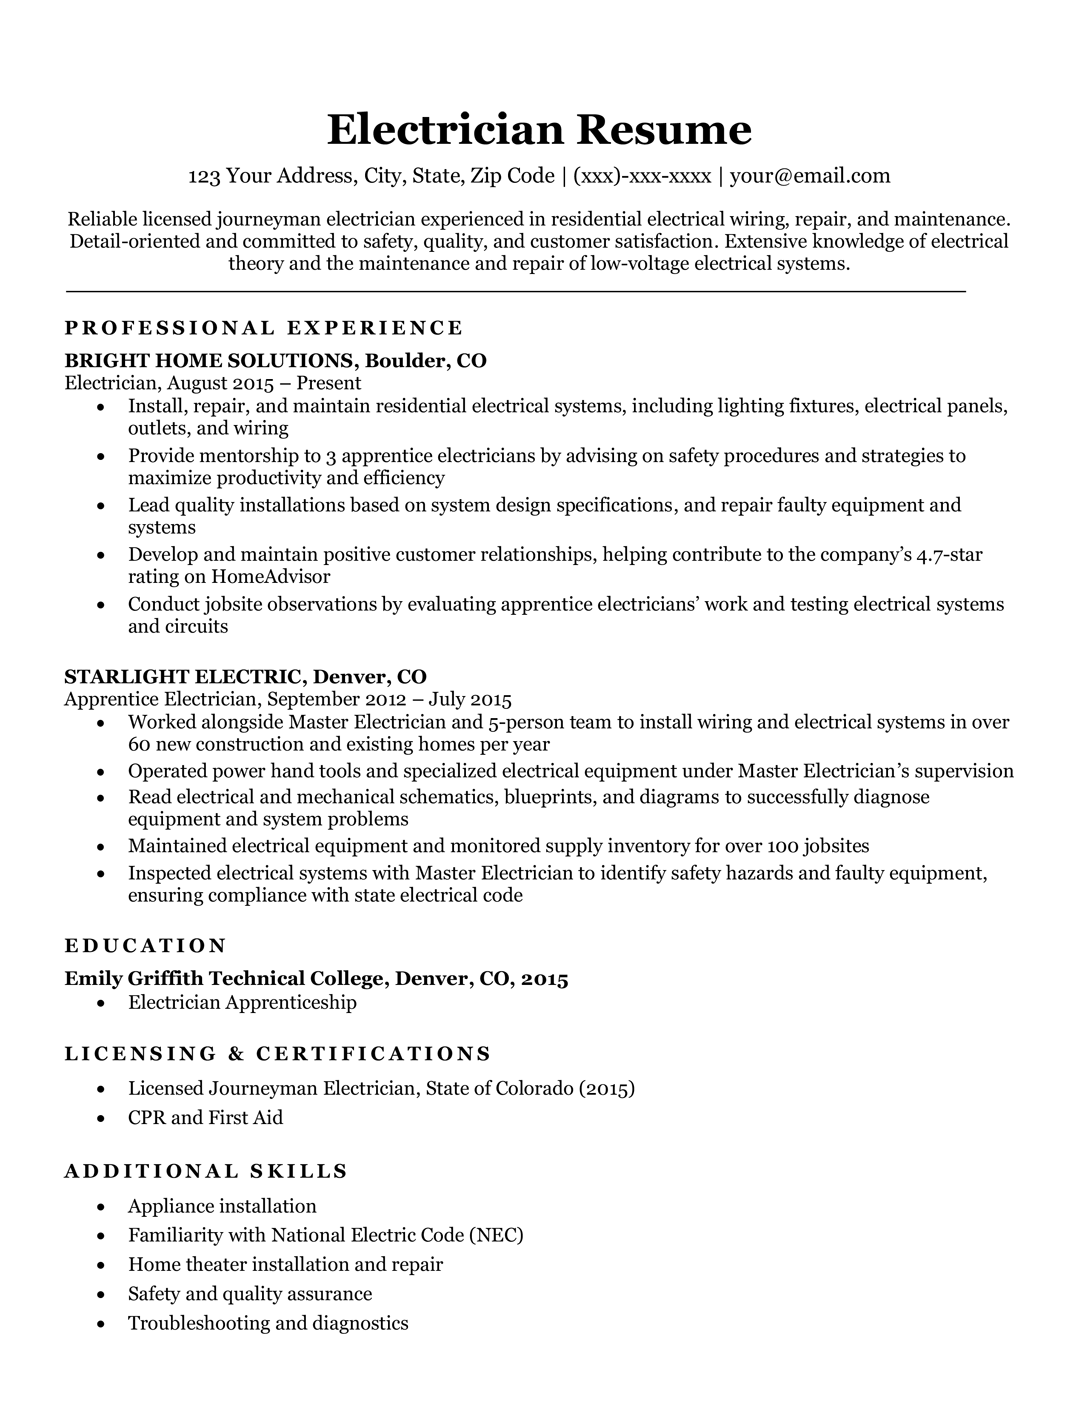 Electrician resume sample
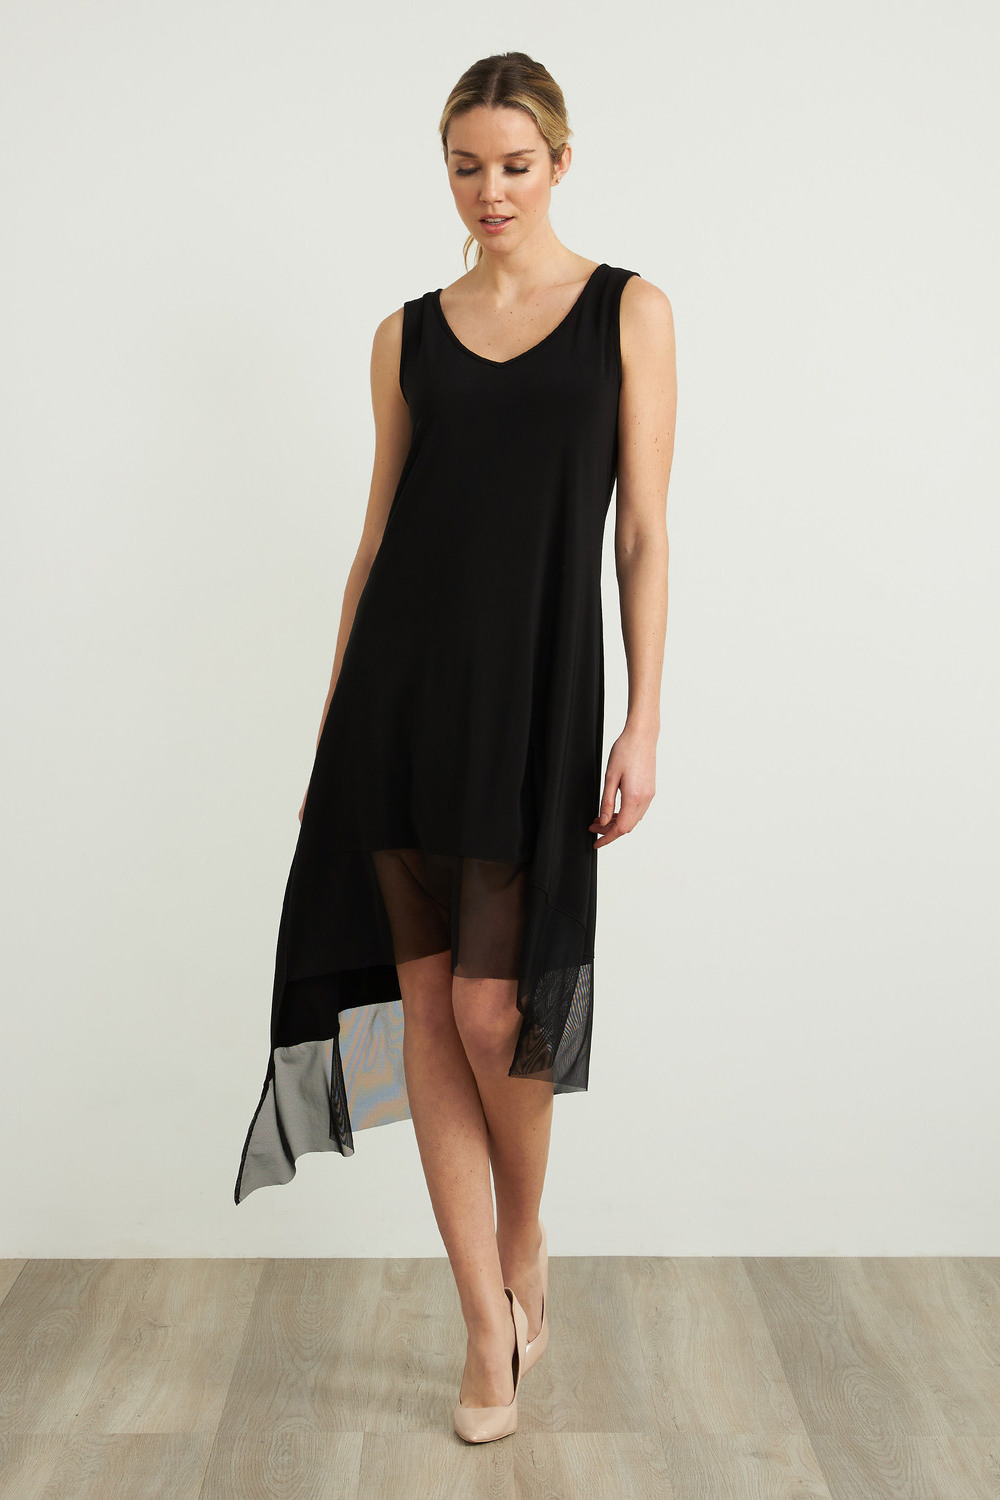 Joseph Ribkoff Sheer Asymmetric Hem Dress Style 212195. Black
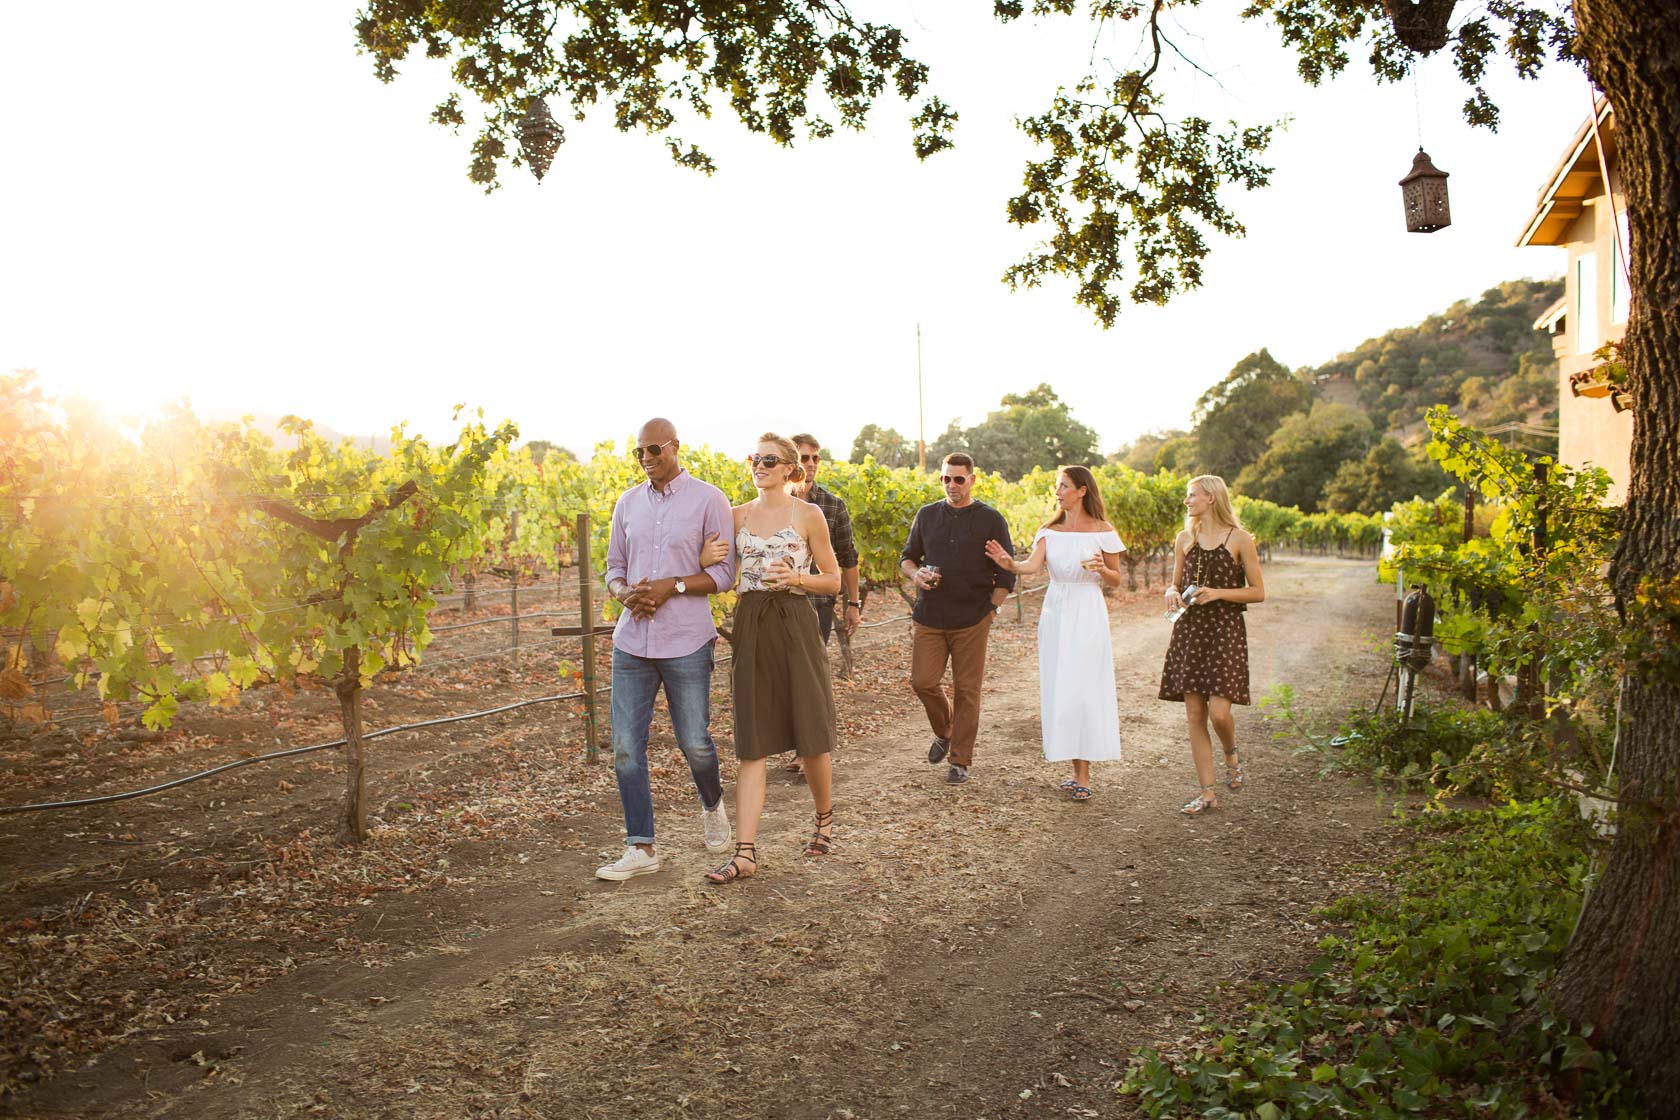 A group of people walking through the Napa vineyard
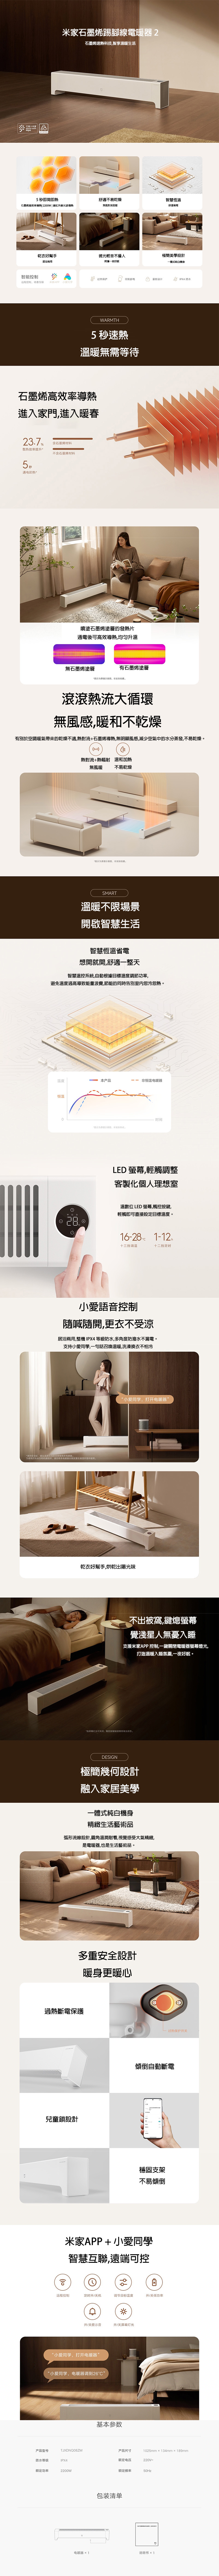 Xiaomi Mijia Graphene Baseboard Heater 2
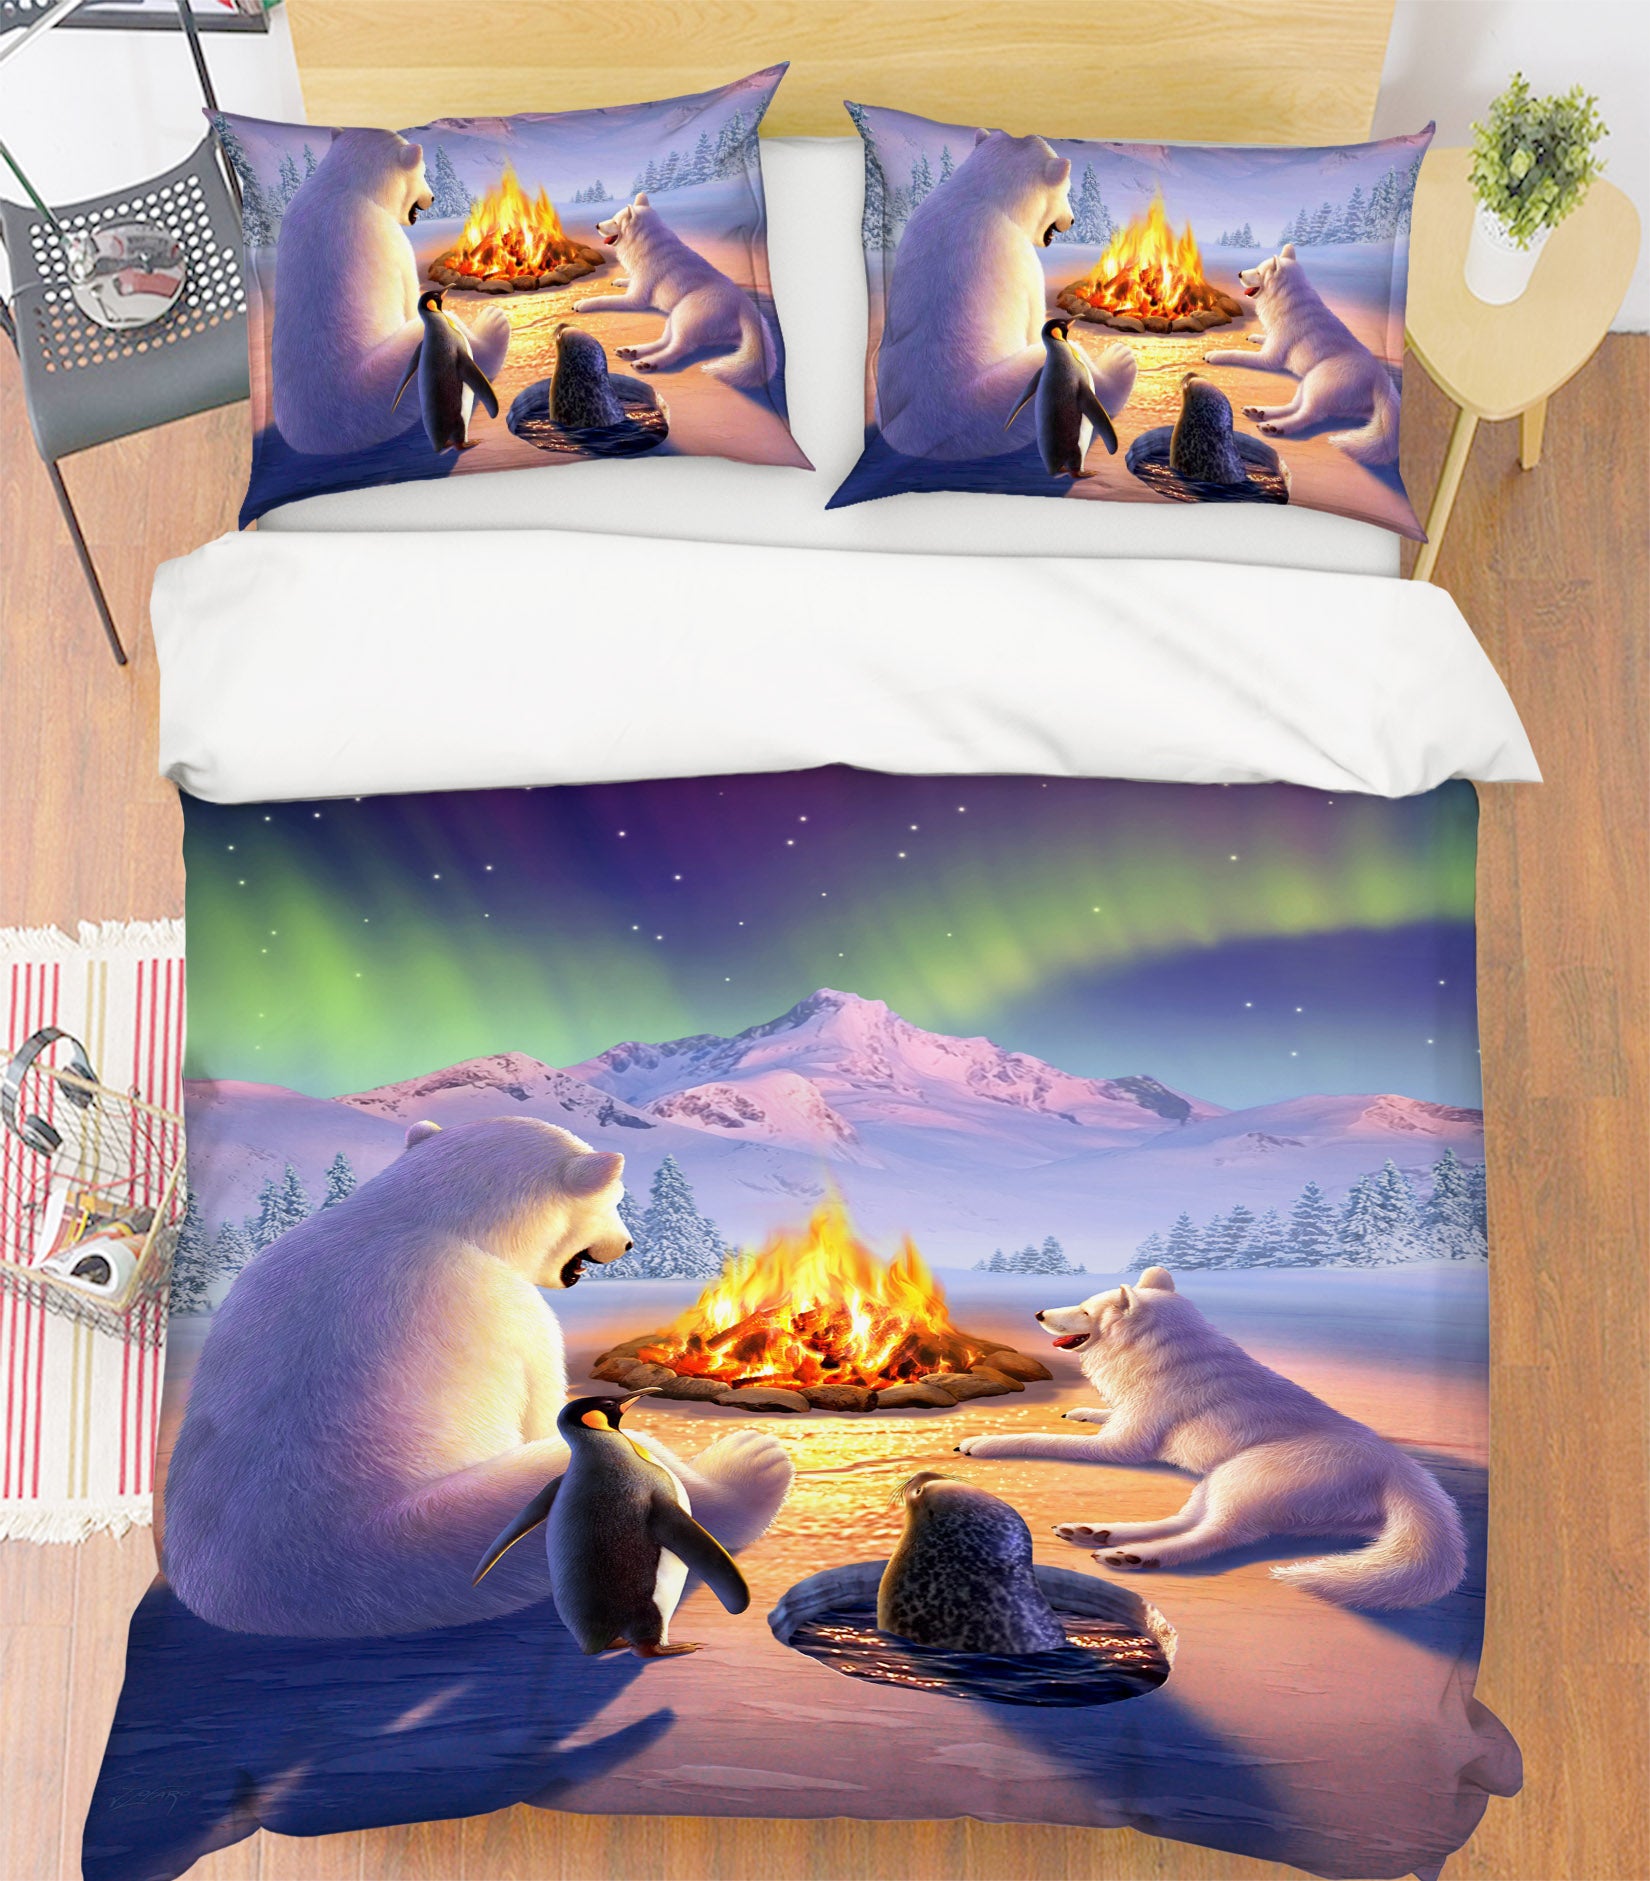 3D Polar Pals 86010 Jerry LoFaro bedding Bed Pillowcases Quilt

--------------------

Find the line containing "Joseph Ribkoff Sheer" in the records above and restate it, and each line after it through the end, word for word, dropping the pictures.

_ANSWER SECTION_:
 Joseph Ribkoff Sheer Asymmetric Hem Dress Style 212195. Black
 A group of people walking through the Napa vineyard
 Xiaomi Mijia Graphene Baseboard Heater 2
 3D Polar Pals 86010 Jerry LoFaro bedding Bed Pillowcases Quilt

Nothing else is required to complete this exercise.